WHEREAS, Washington’s EFSEC will conduct Environmental Impact Statement, hold a series of public hearings, and make a final recommendation to Governor Inslee, who is the final decision-maker on the proposed terminal.
WHEREAS, the Environmental Protection Agency, National Park Service, and others have raised serious concerns regarding the negative environmental impacts the proposed oil-by-train project may cause.
WHEREAS, Resolution 36962, adopted by Council on September 19th, 2012 adopted a policy opposing coal trains through the City of Portland until a programmatic, comprehensive, and area-wide Environmental Impact Statement is completed.
WHEREAS, this Resolution seeks to address the immediate issue of new oil-by-rail proposals in a timely manner as well as those oil trains already moving through Portland;
WHEREAS, at the 2015 United States Conference of Mayors, Mayor Charlie Hales proposed and passed the Resolution, “Keeping Communities Safe Through Comprehensive Actions to Improve Rail Safety” to encourage government leaders to examine the potential dangers of transporting Volatile Materials by rail.

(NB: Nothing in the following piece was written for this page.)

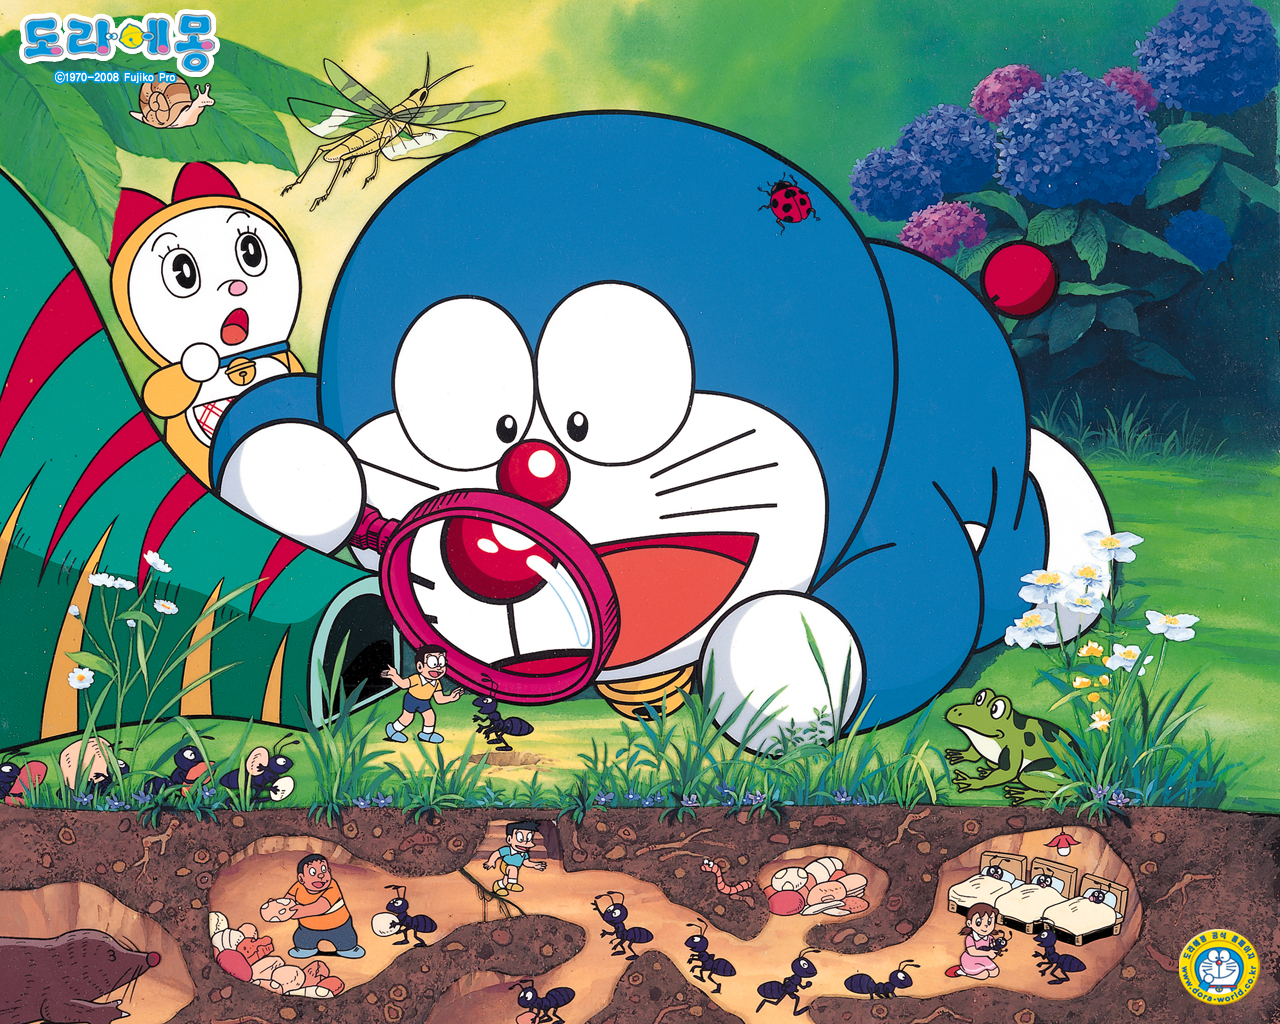 Anime: Những tác phẩm anime thường mang đến những câu chuyện gần gũi, cảm động và tràn đầy tính nhân văn. Doraemon không phải là một ngoại lệ khi bạn muốn tìm một tác phẩm anime đáng xem. Bạn sẽ không thất vọng với những câu chuyện trong Doraemon.

WHEREAS, neighbors in the City of Portland, including North East Coalition of Neighbors, have spoken out in opposition to oil trains in the City of Portland.
NOW, THEREFORE, BE IT RESOLVED that the City of Portland opposes oil-by-rail transportation through and within the City of Portland and the City of Vancouver, WA.

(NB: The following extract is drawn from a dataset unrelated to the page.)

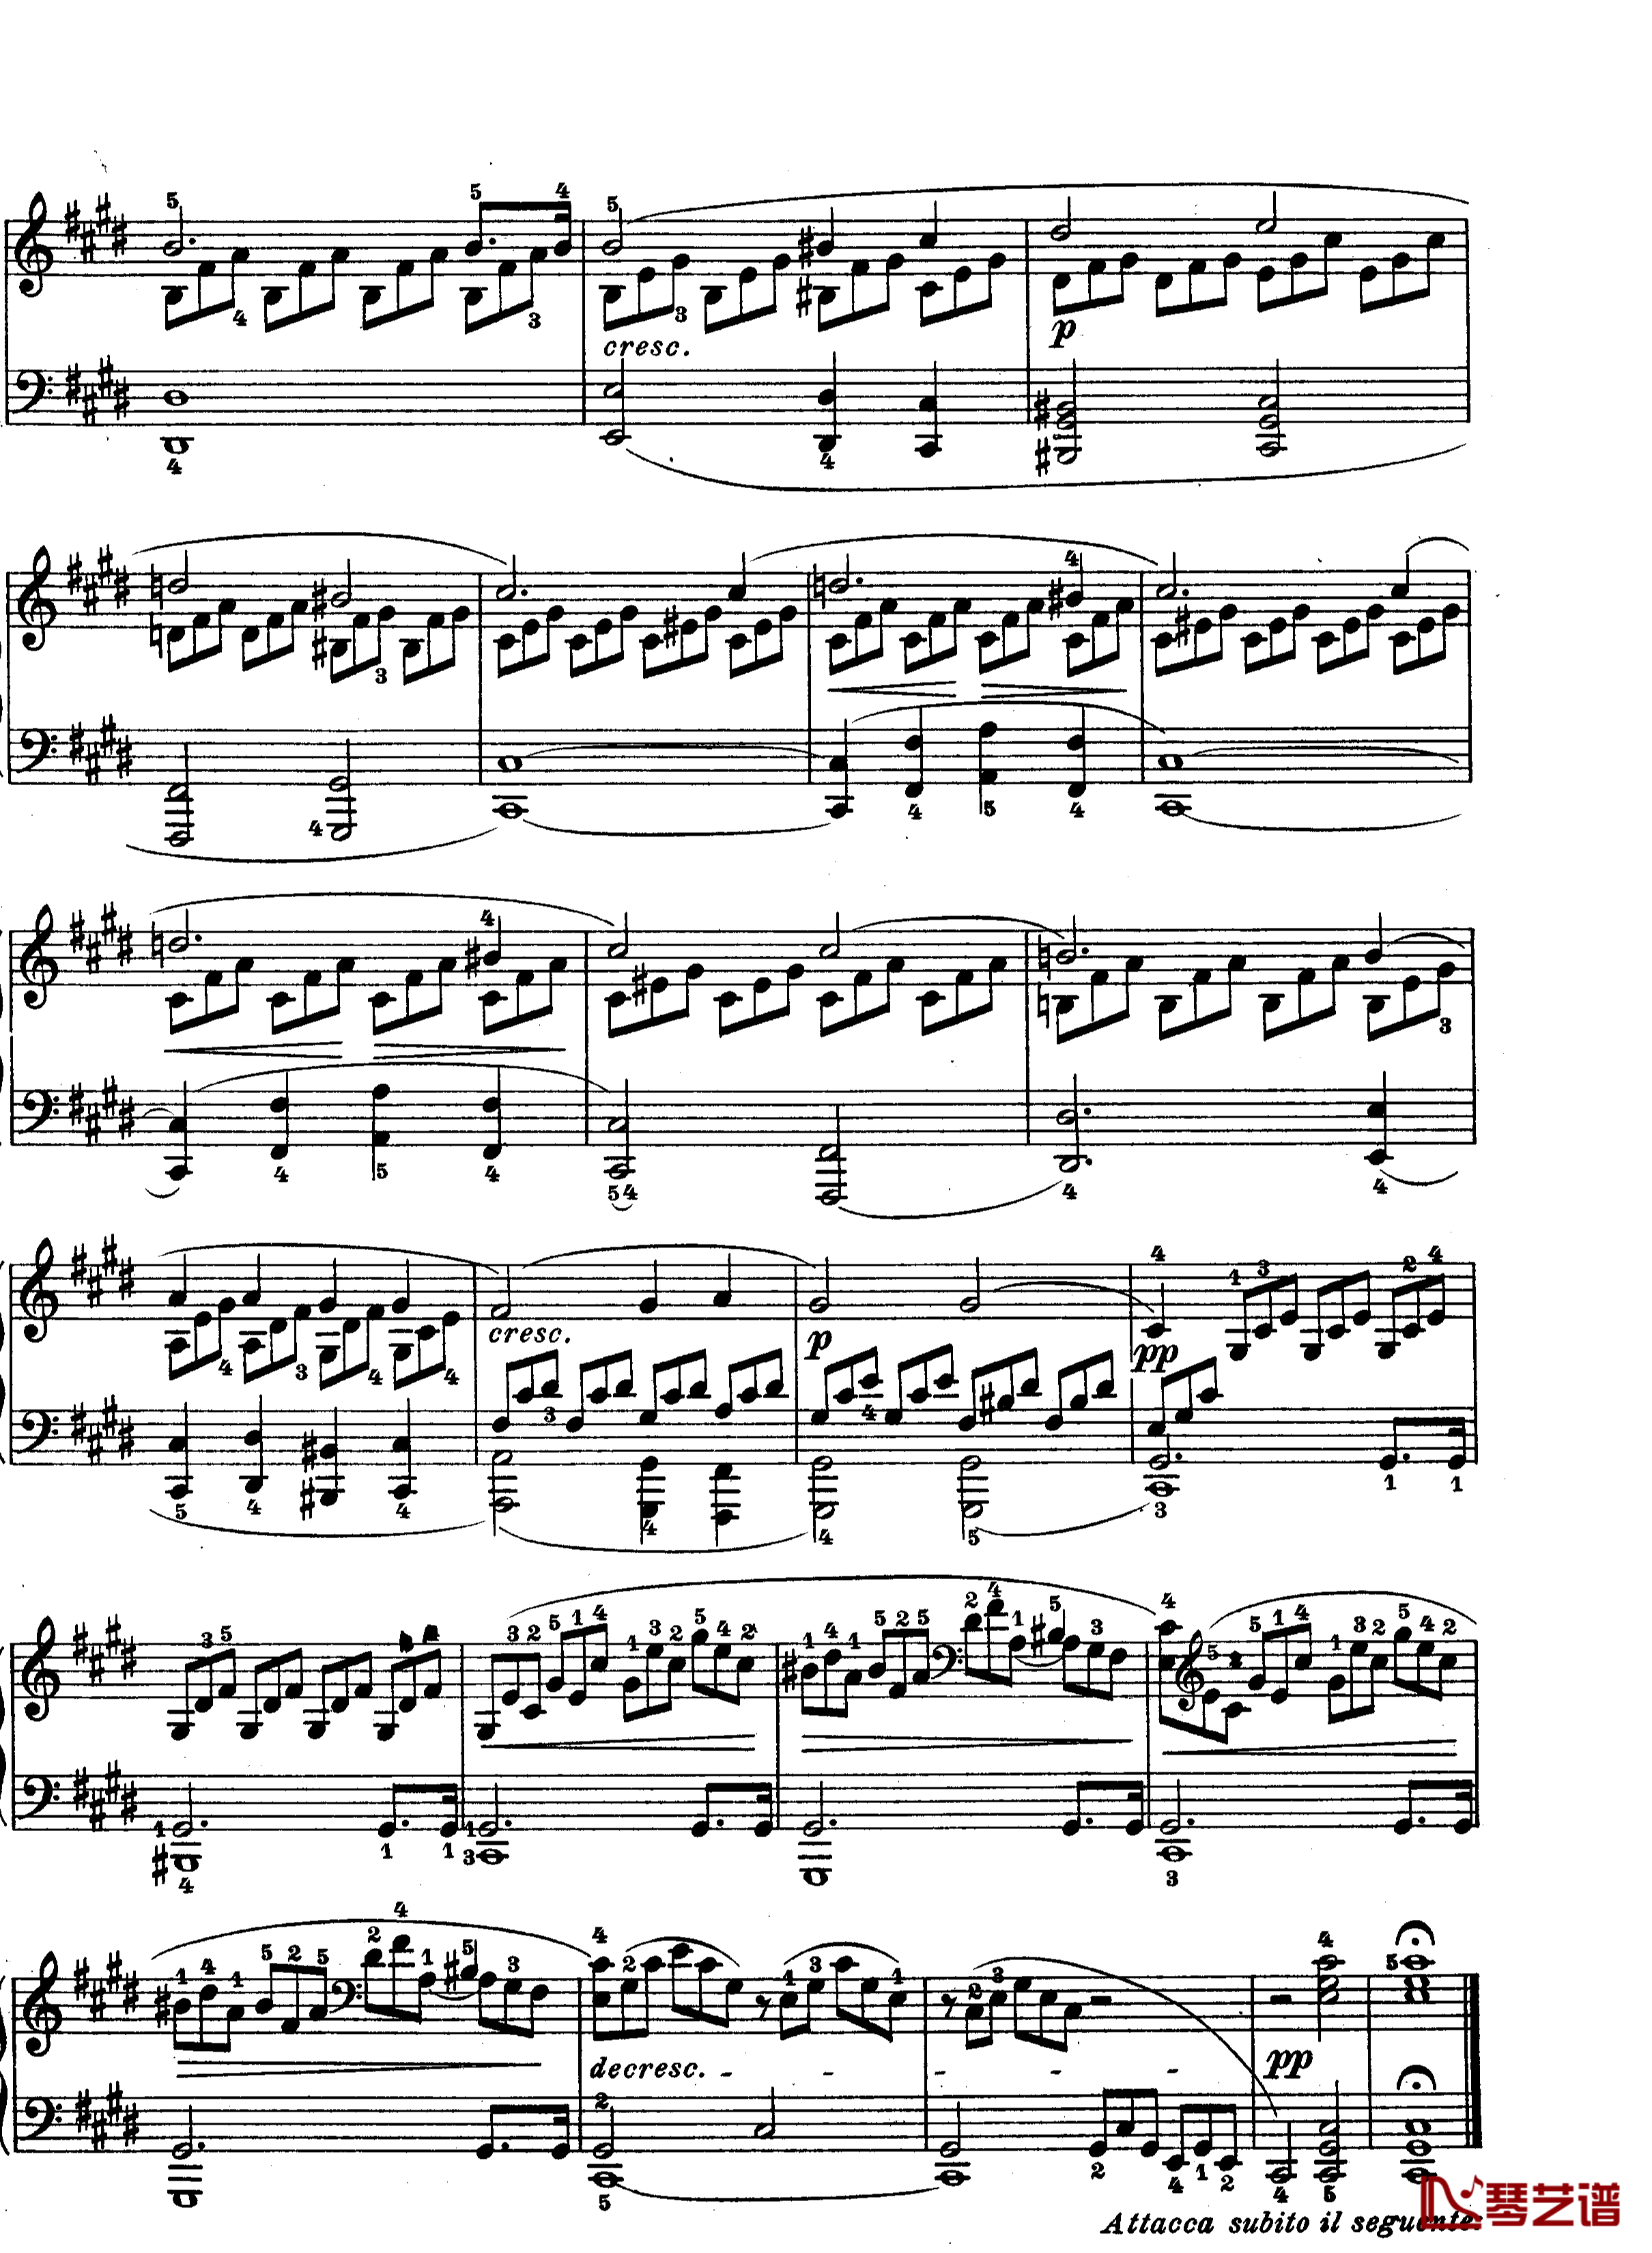 月光曲钢琴谱-第十四钢琴奏鸣曲-Op.27 No.2-贝多芬-beethoven3

BE IT FURTHER RESOLVED that the City of Portland supports the preparation of a programmatic, comprehensive, and area-wide Environmental Impact Statement to identify the cumulative effects that would result from existing and proposed oil-by-rail terminals.

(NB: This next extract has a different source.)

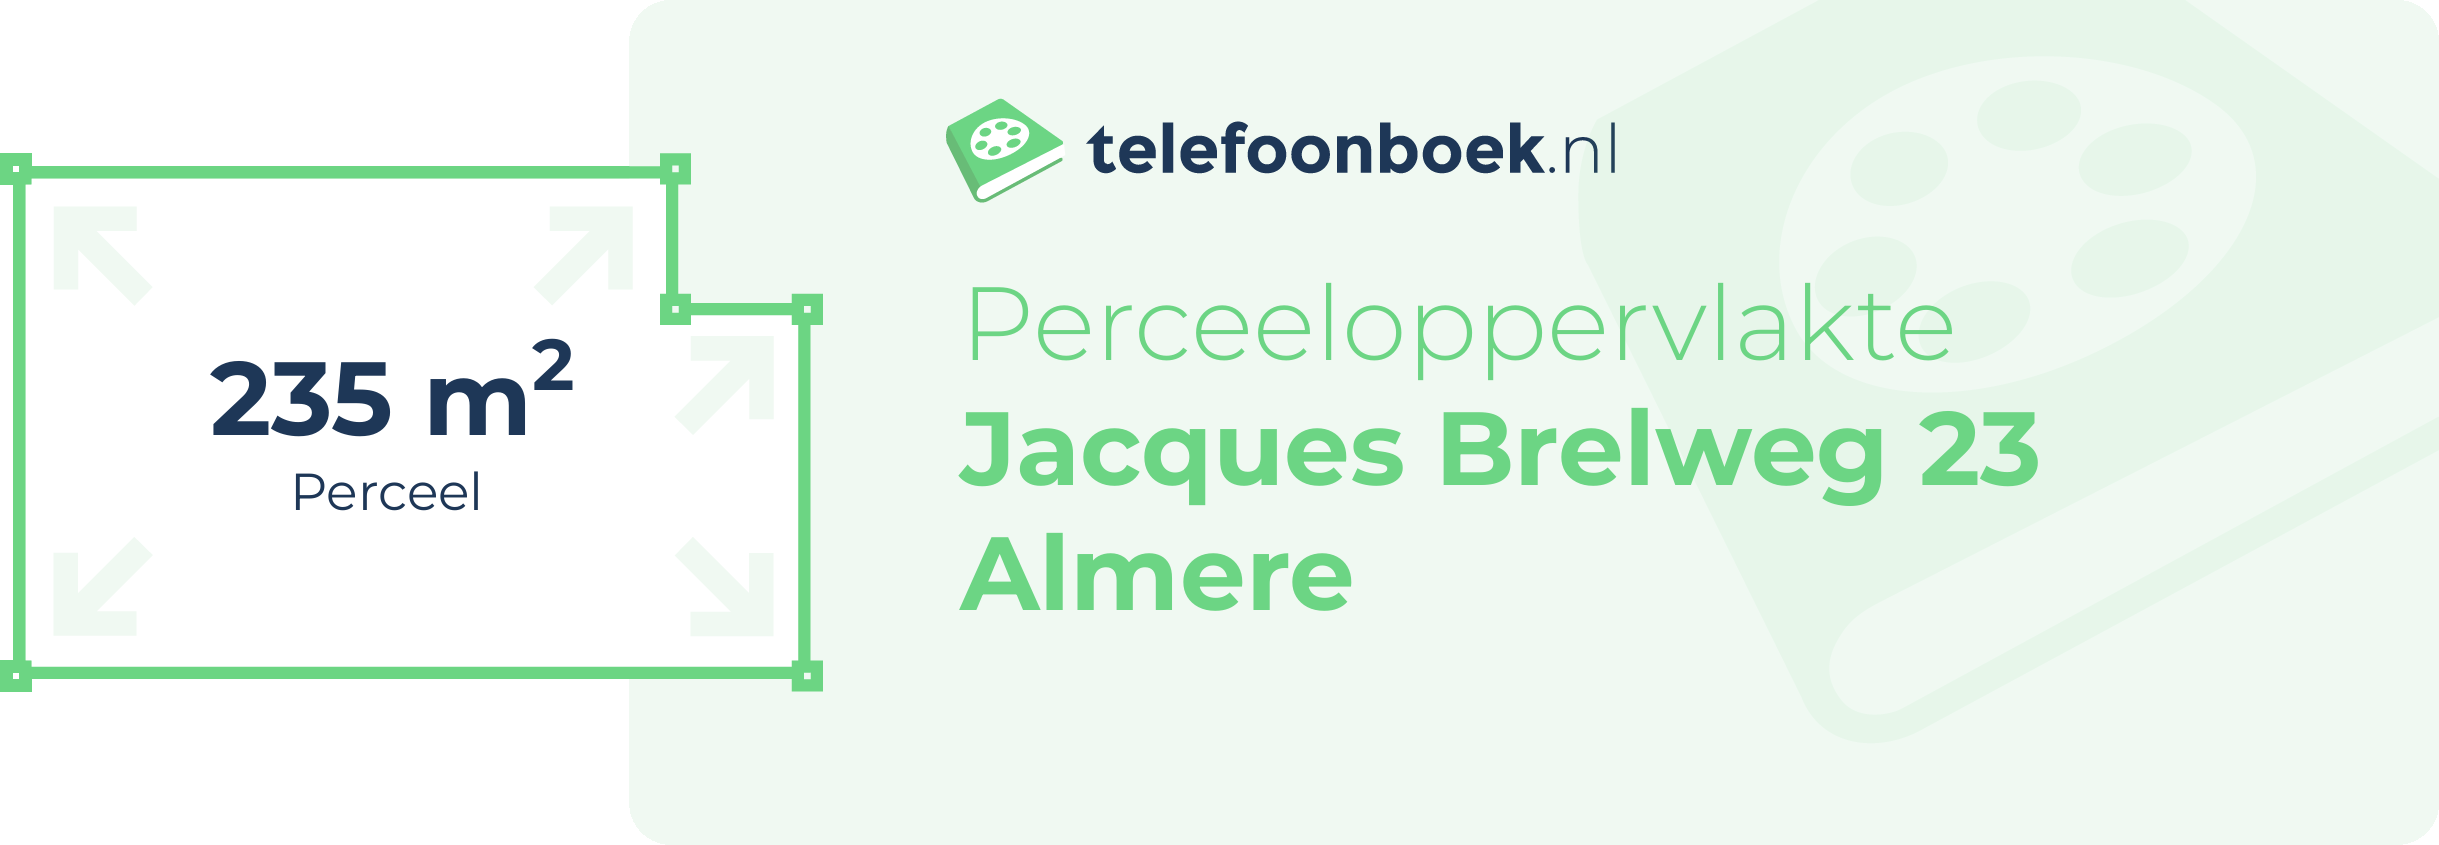 Perceeloppervlakte Jacques Brelweg 23 Almere

BE IT FURTHER RESOLVED that the City of Portland supports the development and review of a comprehensive Health Impact Assessment prior to approval of any new oil transfer and storage permits by any state, regional or federal agency; and
BE IT FURTHER RESOLVED that the City of Portland intends to address to the extent practicable any impacts to public health, safety and property caused by the transport of oil through Portland by actively enforcing applicable local public health, safety, building, electrical and fire codes; and
BE IT FURTHER RESOLVED that the City of Portland intends to address to the extent allowed by law any impacts to surface, air, and groundwater caused by the transport of oil through Portland by actively enforcing any applicable environmental statues delegated to the City of Portland; and
BE IT FURTHER RESOLVED that the City of Portland will request that railroad companies and/or oil companies make public any development plans for increased rail traffic through Portland to accommodate oil transport and storage, and to provide adequate notice to Portland citizens of any plans for new or expanded rail facilities or any anticipated increases in rail traffic volume; and
BE IT FURTHER RESOLVED that the City of Portland will request that the railroad companies and/or oil companies provide representatives to meet periodically with local citizen groups and local governmental officials to address local concerns regarding oil trains through Portland; and
BE IT FURTHER RESOLVED that the City of Portland will request that the railroad companies mitigate any public safety hazards created by existing and future transport of oil through Portland; and
BE IT FURTHER RESOLVED that the City of Portland will request that railroad and oil companies submit an emergency environmental cleanup plan in case of accidental spills or train derailment; and that they submit a bond to pay for any and all spills, explosions, etc.
BE IT FURTHER RESOLVED that the City of Portland supports economic growth that contributes to citizens’ health, safety, and well-being, and that on balance, adheres to principles of sustainable development and overall reduction of carbon emissions; and
BE IT FURTHER RESOLVED that the Policy opposing all project proposals that would increase the amount of crude oil being transported by rail through the City of Portland the City of Vancouver, Washington is binding City policy.
Resolution No. 37164, adopted by City Council November 4, 2015.